Log files in the model folder give information on the operations mapped to the TPU.
"""
if not re.search('\\.tflite$', self.tflite_model_file):
print('Error, input file must end in .tflite')
sys.exit(1)
command_arguments = (self.edgetpu_compiler_path, '-o', self.tflite_model_folder, '-m',
'13', '-s', os.path.join(self.tflite_model_folder,
self.tflite_model_file))
log_file_name = re.sub('\\.tflite$', '.log',
os.path.basename(self.tflite_model_file))
assert log_file_name != os.path.basename(self.tflite_model_file)
results = subprocess.run(command_arguments,
capture_output=True,
check=True)
with open(os.path.join(self.tflite_model_folder, log_file_name), 'wt') as log_file:
log_file.write(results.stderr.decode())
log_file.write(results.stdout.decode())
edgetpu_file = self.tflite_model_file.replace('.tflite', edgetpu_ext, 1)
model_path = os.path.join(self.tflite_model_folder , edgetpu_file)
print('TPU compiled model saved as ', model_path)
return model_path
Then, I create the representative dataset using 300 elements from the training set. Here the problem arises; when I increase the number of samples in the representative dataset, the internal activations ranges of the model grow, and consequently the quantized model ones. It seems to me that the tflite converter does not cut the tails of the distributions generated by performing inference on he representative dataset, and this is an issue when dealing with outliers, because if the integer model has to represent the whole sequence, then the representative power decreases.
For example, let's consider a trivial model with one layer. Let's say that I use 10 image as a representative dataset. Let's say that 99.9% of the output values are in the range [-1, 1] and a single one has value 100. Is would be nice if the quantization process ignored that value to represent better the most elements.
Is there a way to control this behavior using tensrflow converters? I found the attributes quantized_input_stats and default_ranges_stats of the class TFLiteConverterBaseV1, but they do not seem to be used to constrain the range.

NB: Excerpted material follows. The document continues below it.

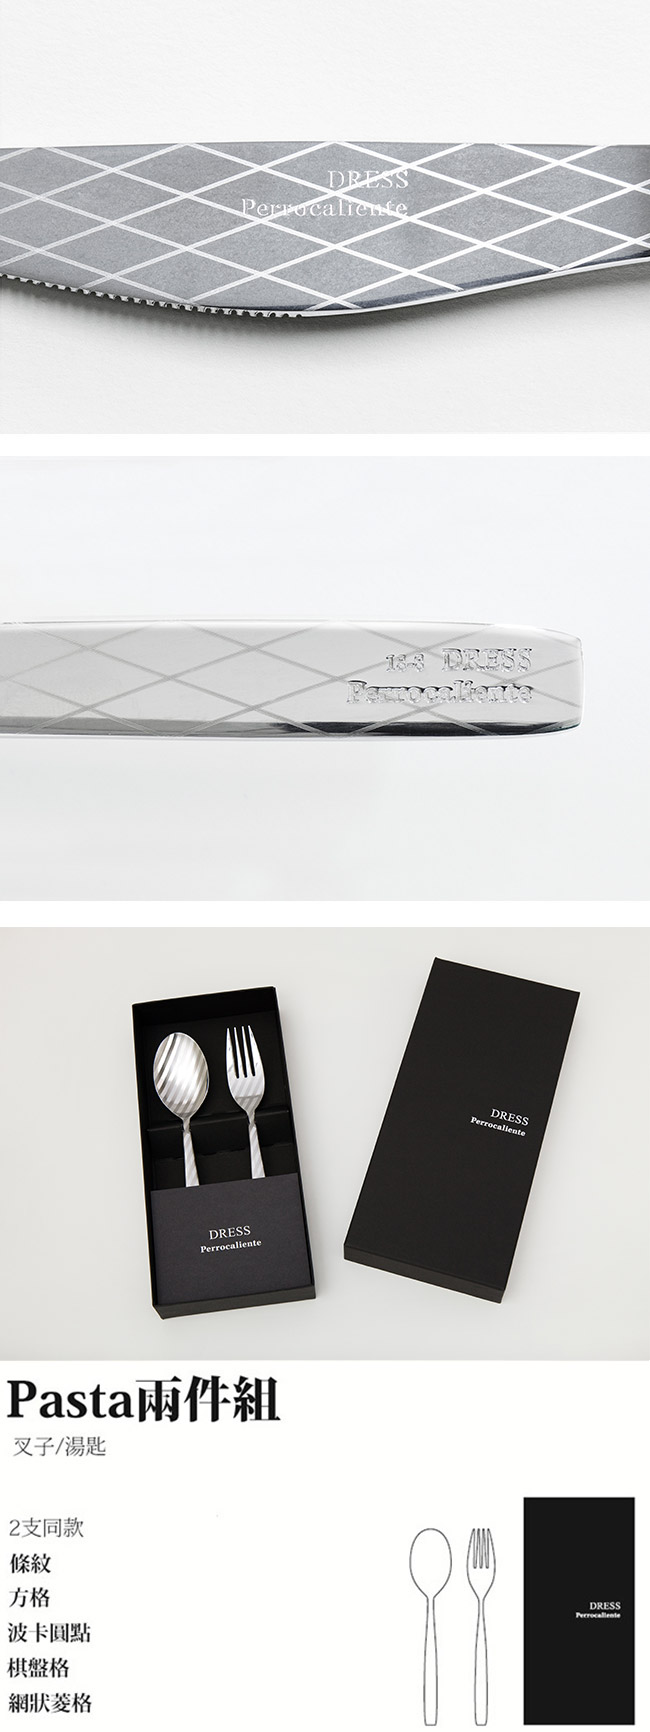 【4/23~4/29精選品牌9折優惠】Perrocaliente Dress Gift Set 銀色盒裝餐具組 Pasta兩件組 網狀菱格 (湯匙+叉子)

quantized_input_stats: Map of input tensor names to a tuple of floats
representing the mean and standard deviation of the training data. (e.g.,
{"foo" : (0., 1.)}). Required if `inference_input_type` is tf.int8 or
tf.uint8. (default None)
I tried to quantize the model using the from_saved_model function and seeting the quantized_input_stats, but the range doesn't change.
Then, I noticed several times, that if I decrease the representative dataset size the range of the model output decreases and the results with the quantized model are better.